### [Data shown]
*** Block opens ***
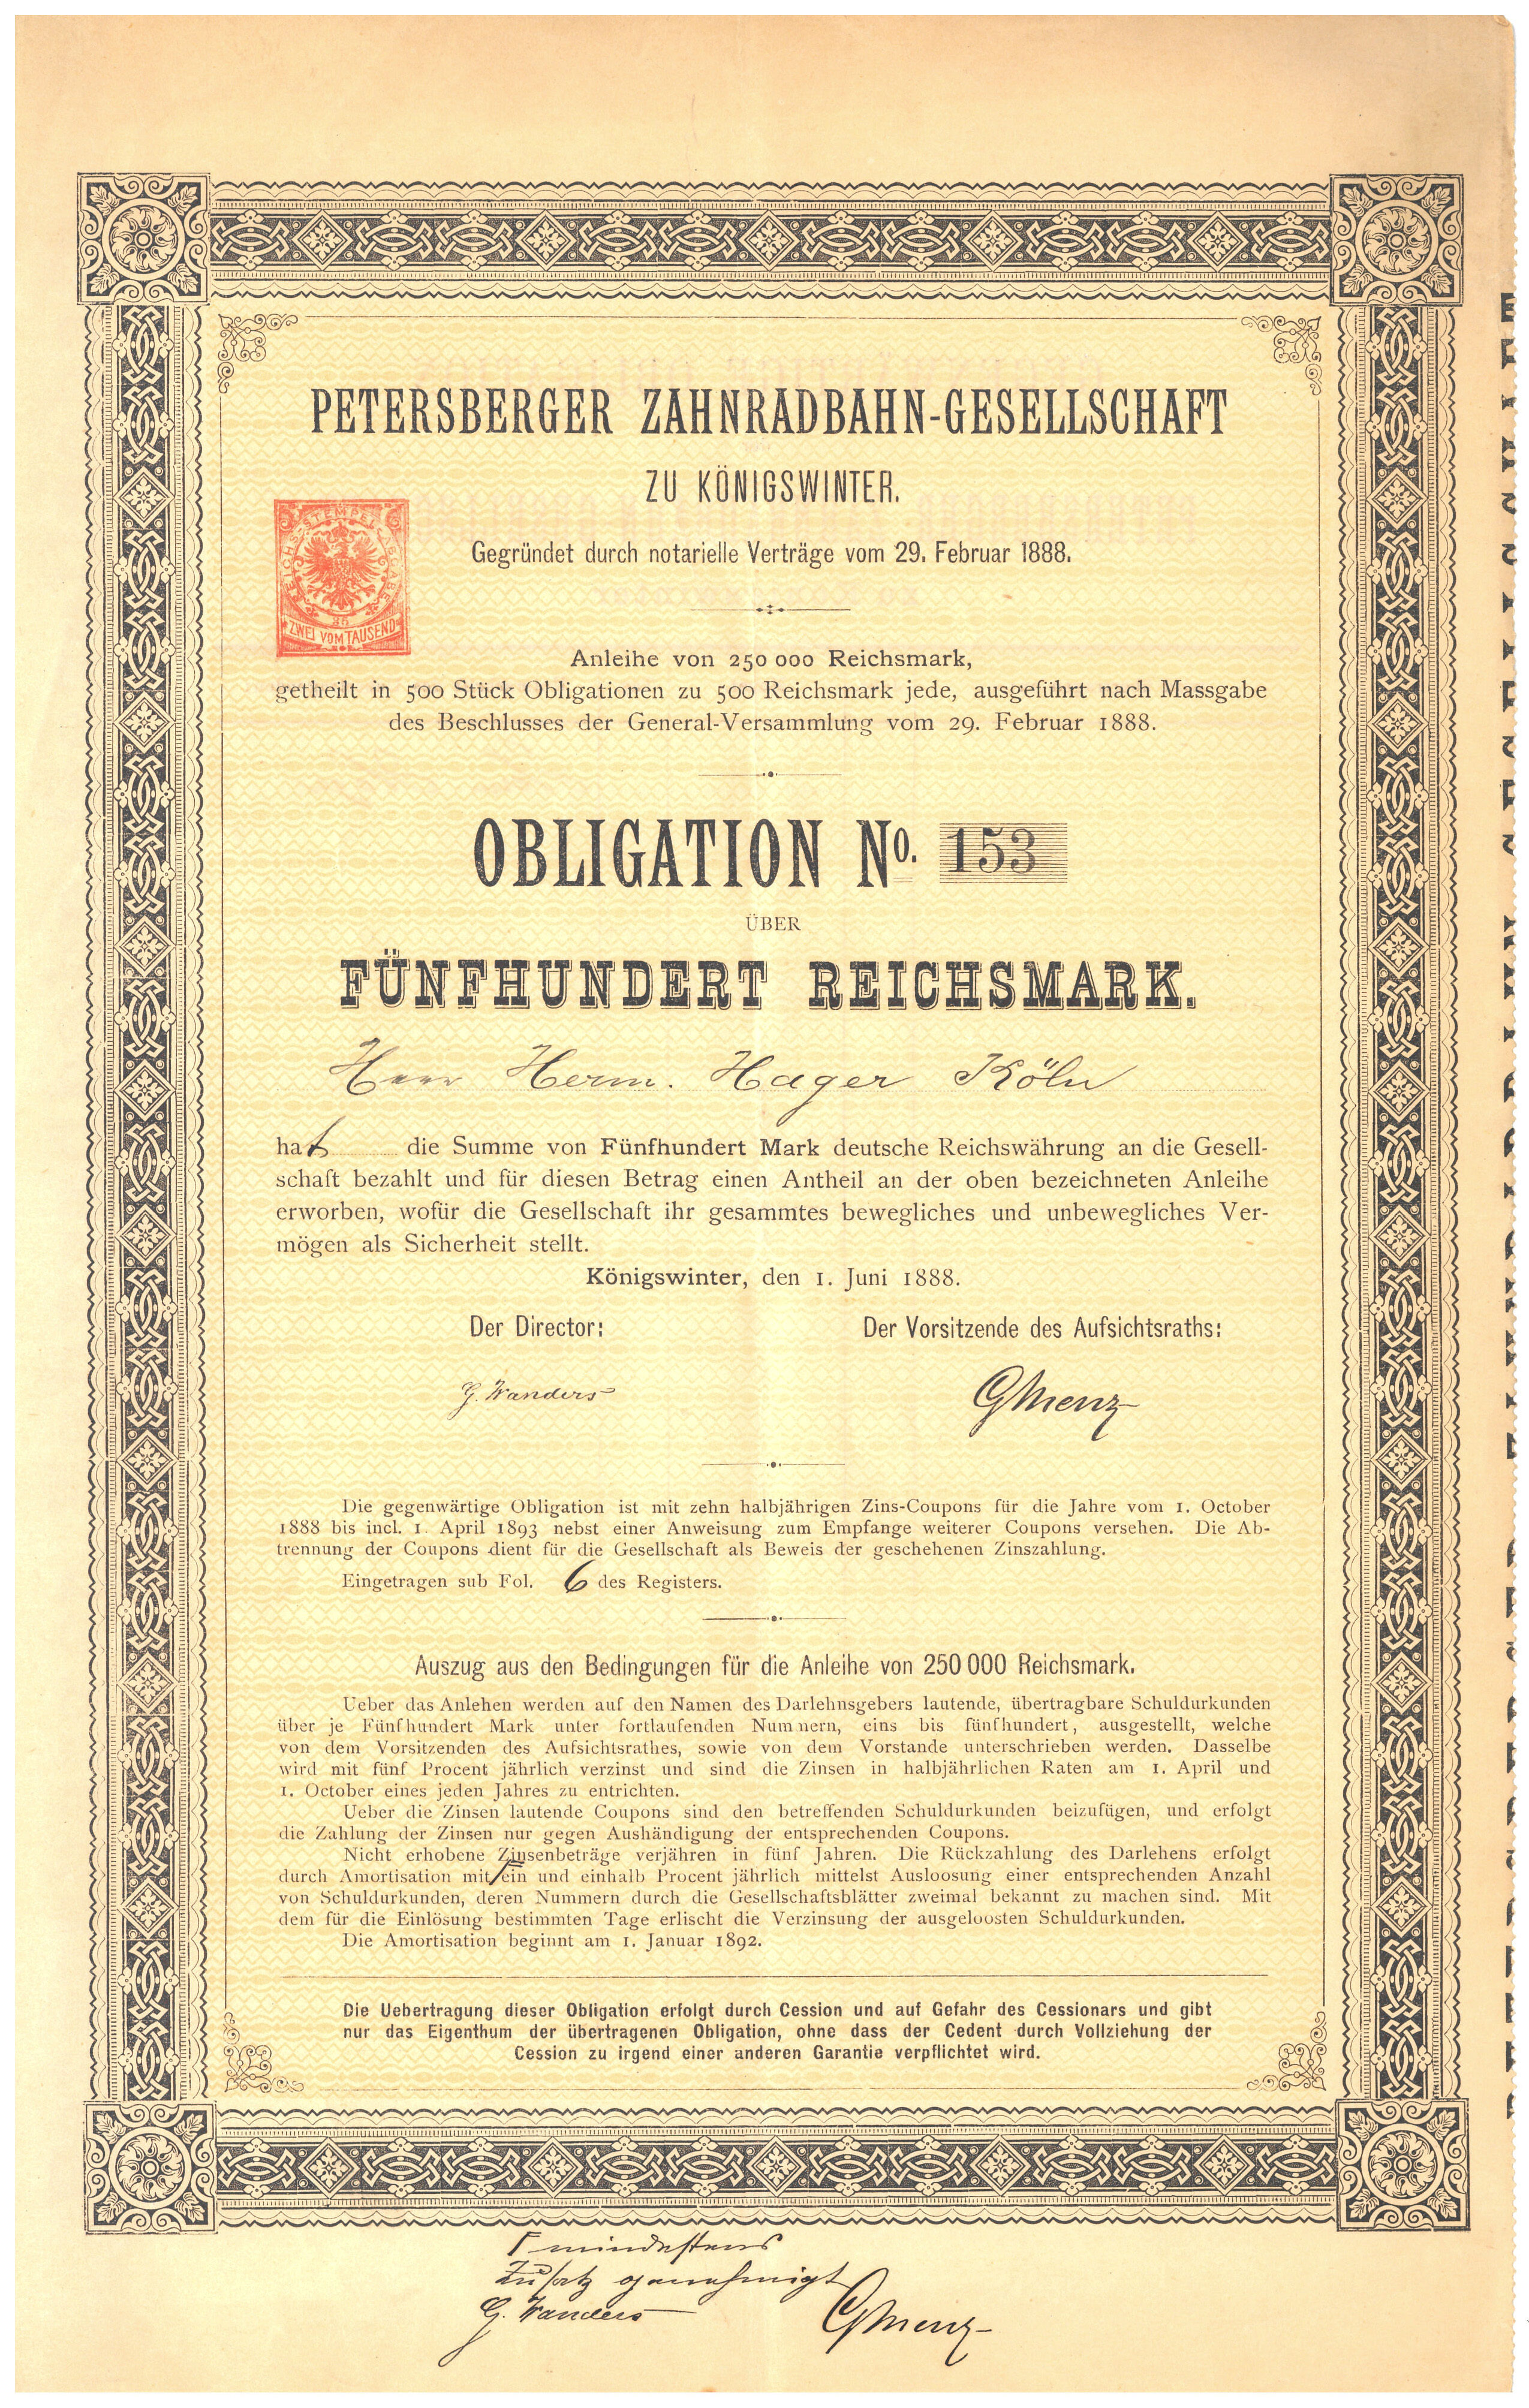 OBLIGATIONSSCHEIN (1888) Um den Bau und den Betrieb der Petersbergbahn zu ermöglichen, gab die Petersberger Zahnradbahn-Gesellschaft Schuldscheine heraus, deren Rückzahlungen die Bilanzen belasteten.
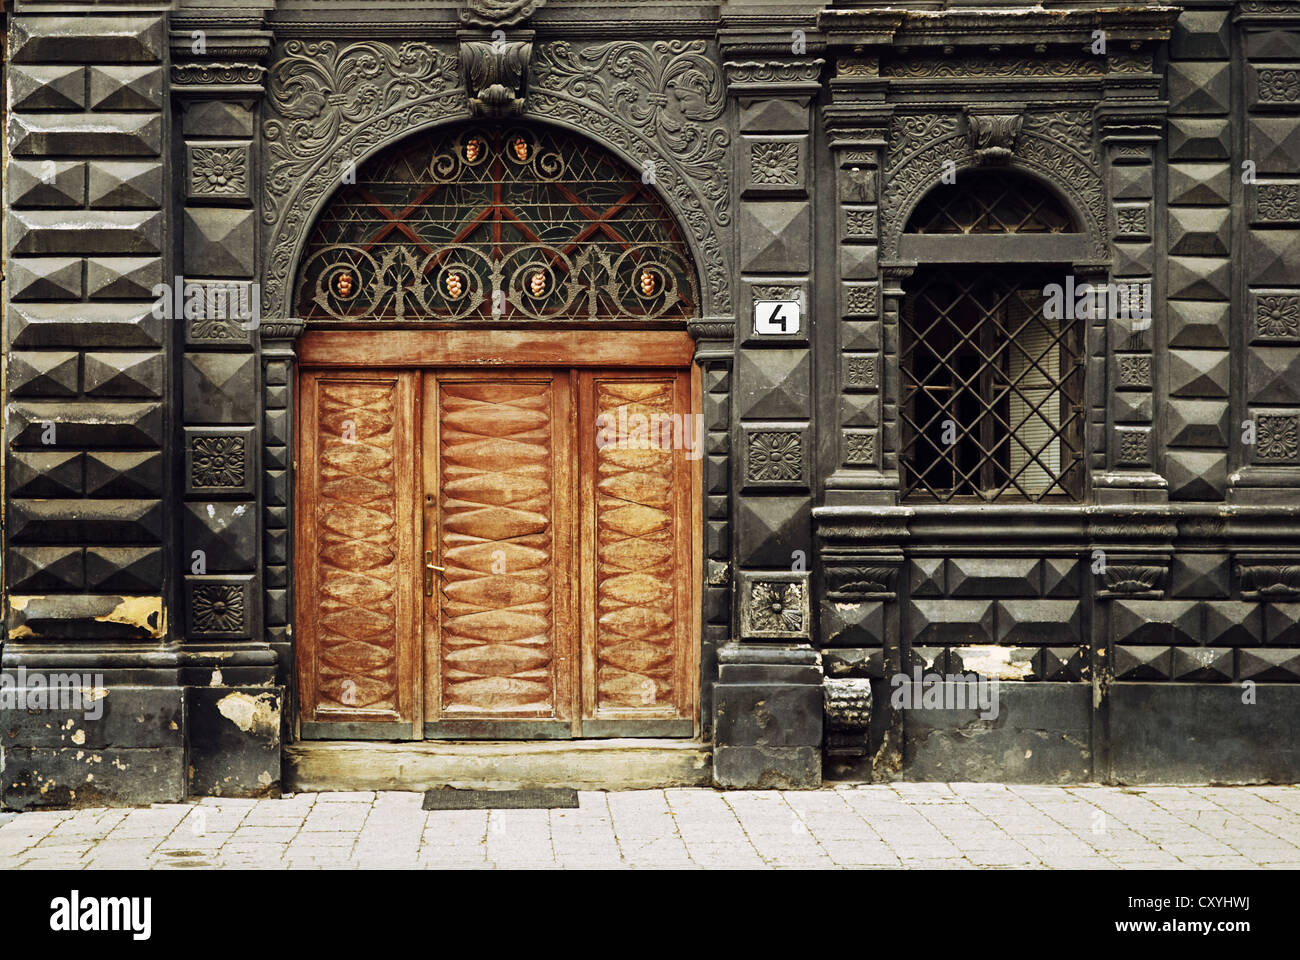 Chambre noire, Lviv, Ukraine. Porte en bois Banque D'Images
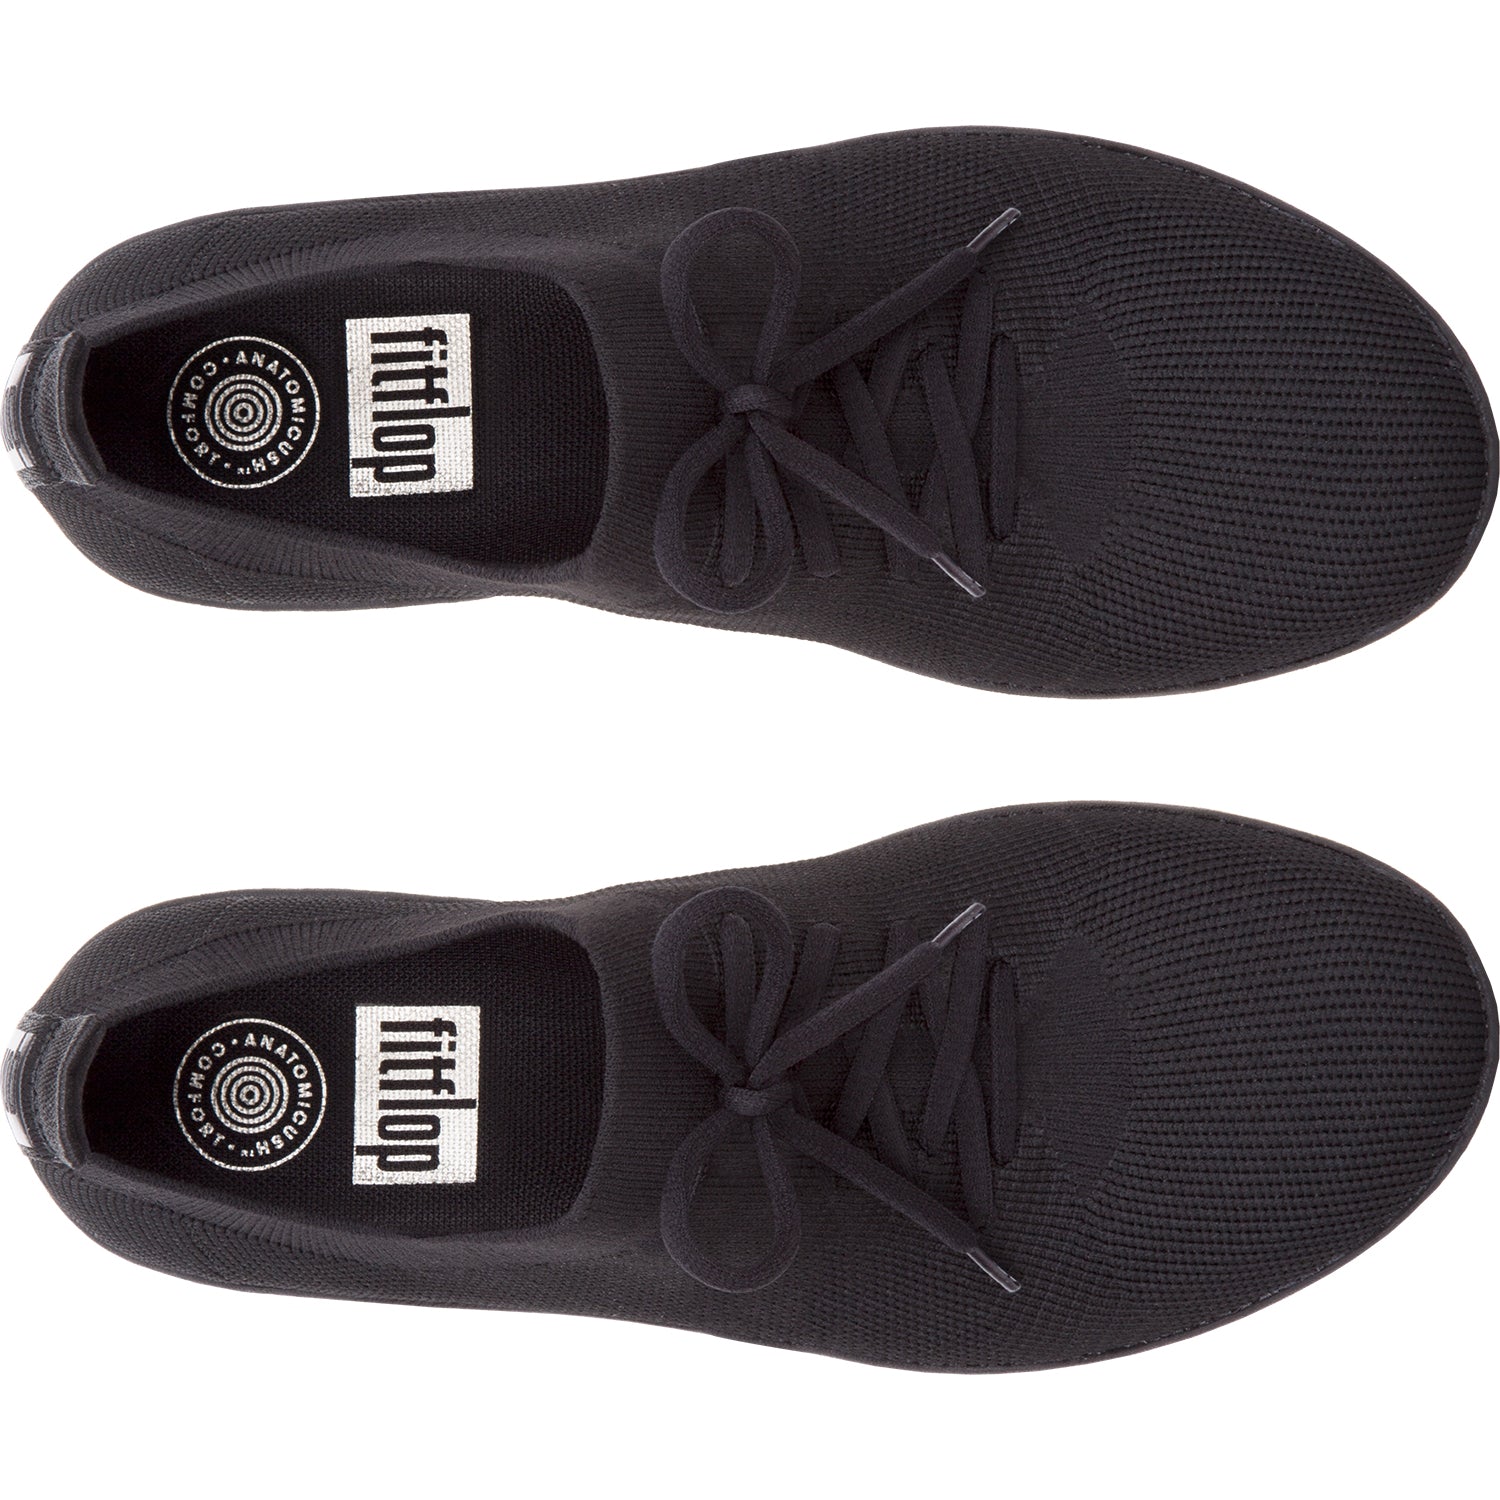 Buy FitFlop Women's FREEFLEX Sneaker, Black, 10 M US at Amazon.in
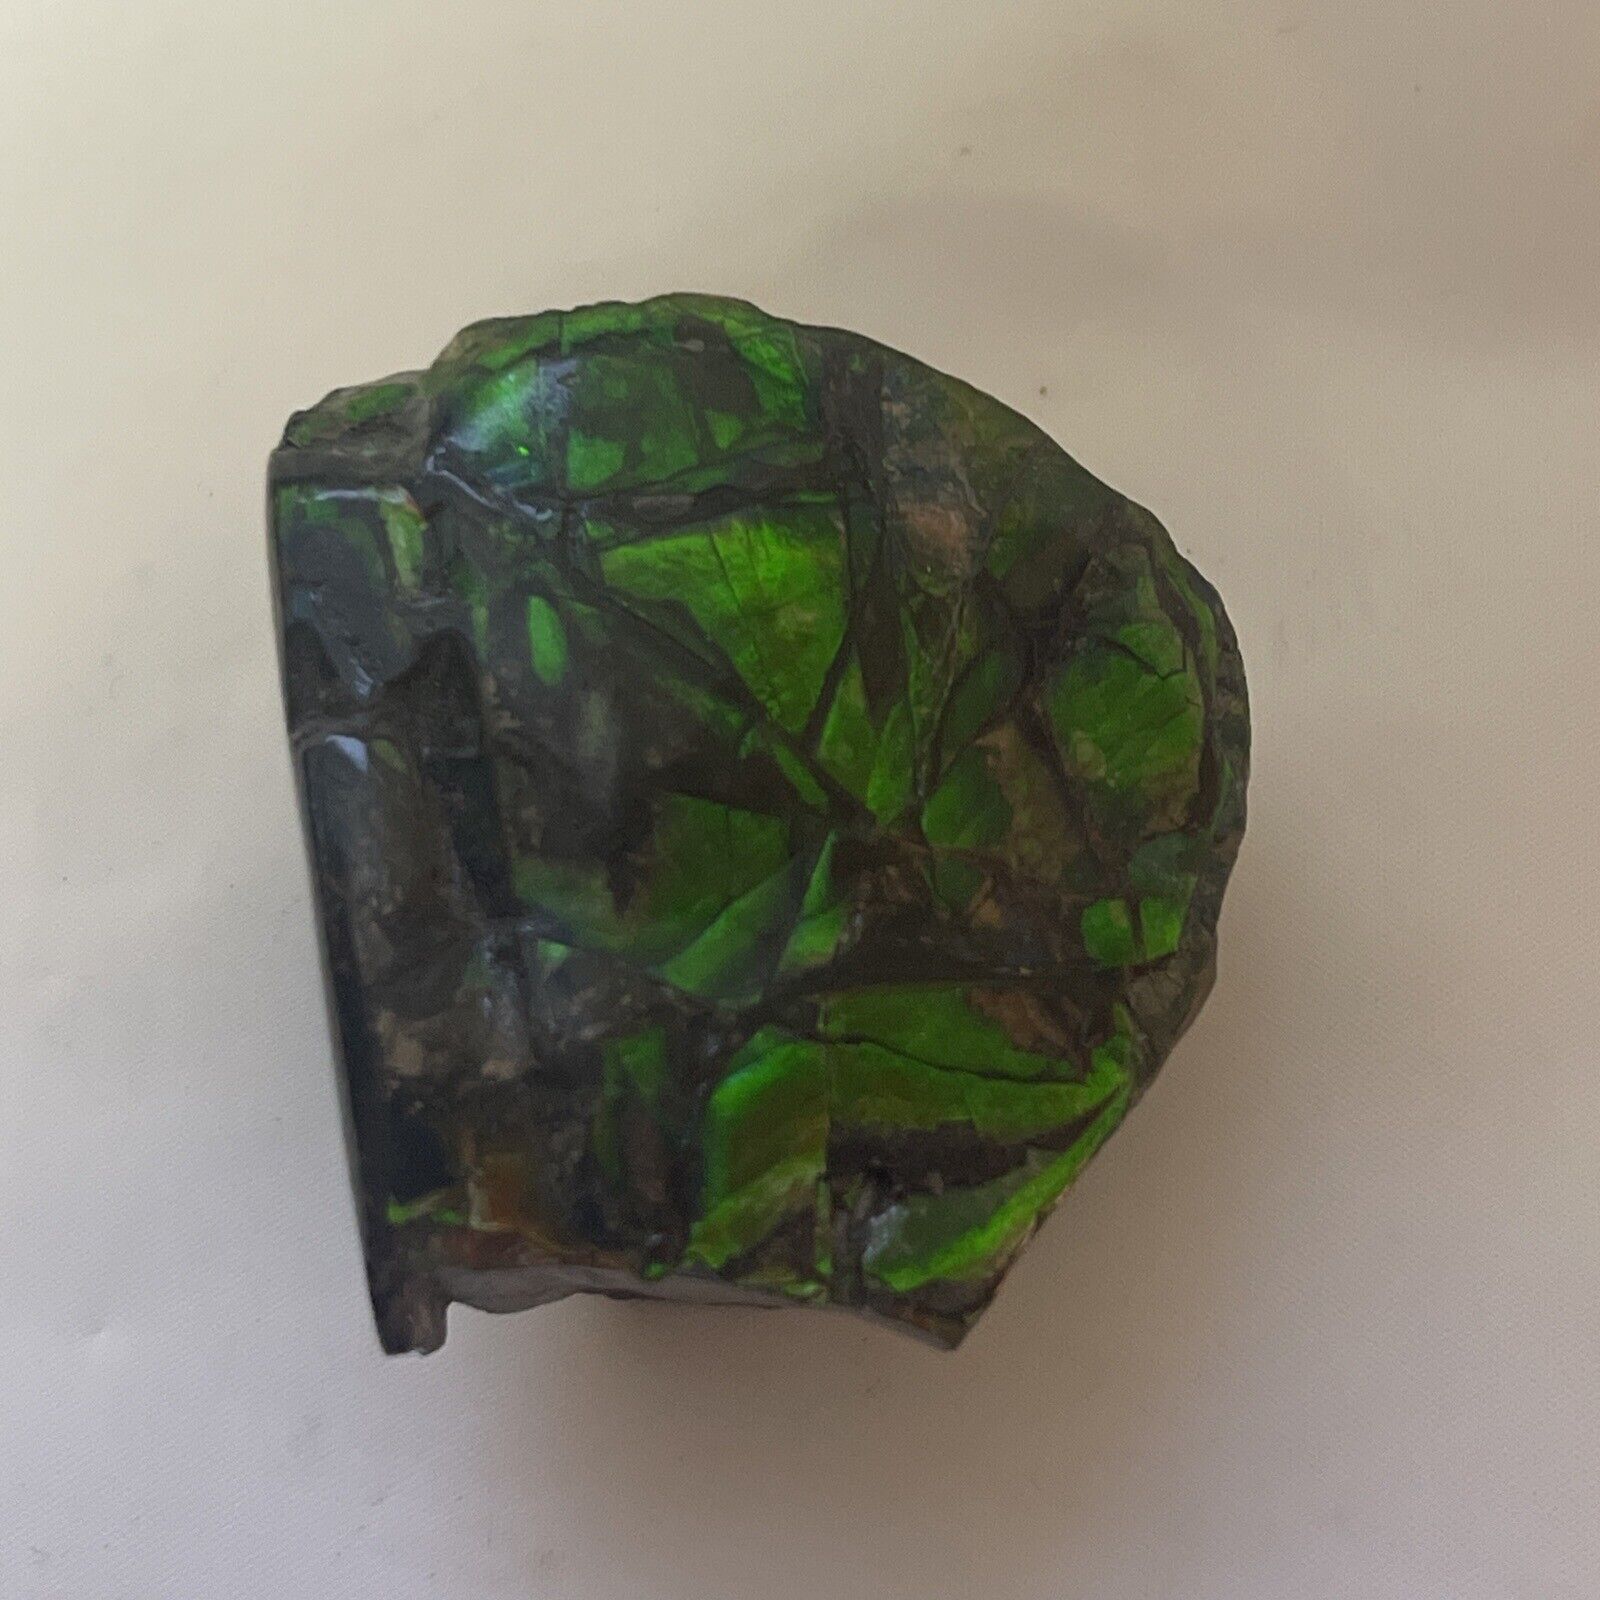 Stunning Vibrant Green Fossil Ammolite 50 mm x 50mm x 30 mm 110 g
*** Block closes ***
### [Exercise aim]
When you copy the data above, keep each line exact and omit the pictures.

### [Solution for this task]
 OBLIGATIONSSCHEIN (1888) Um den Bau und den Betrieb der Petersbergbahn zu ermöglichen, gab die Petersberger Zahnradbahn-Gesellschaft Schuldscheine heraus, deren Rückzahlungen die Bilanzen belasteten.
 Chambre noire, Lviv, Ukraine. Porte en bois Banque D'Images
 Buy FitFlop Women's FREEFLEX Sneaker, Black, 10 M US at Amazon.in
 Stunning Vibrant Green Fossil Ammolite 50 mm x 50mm x 30 mm 110 g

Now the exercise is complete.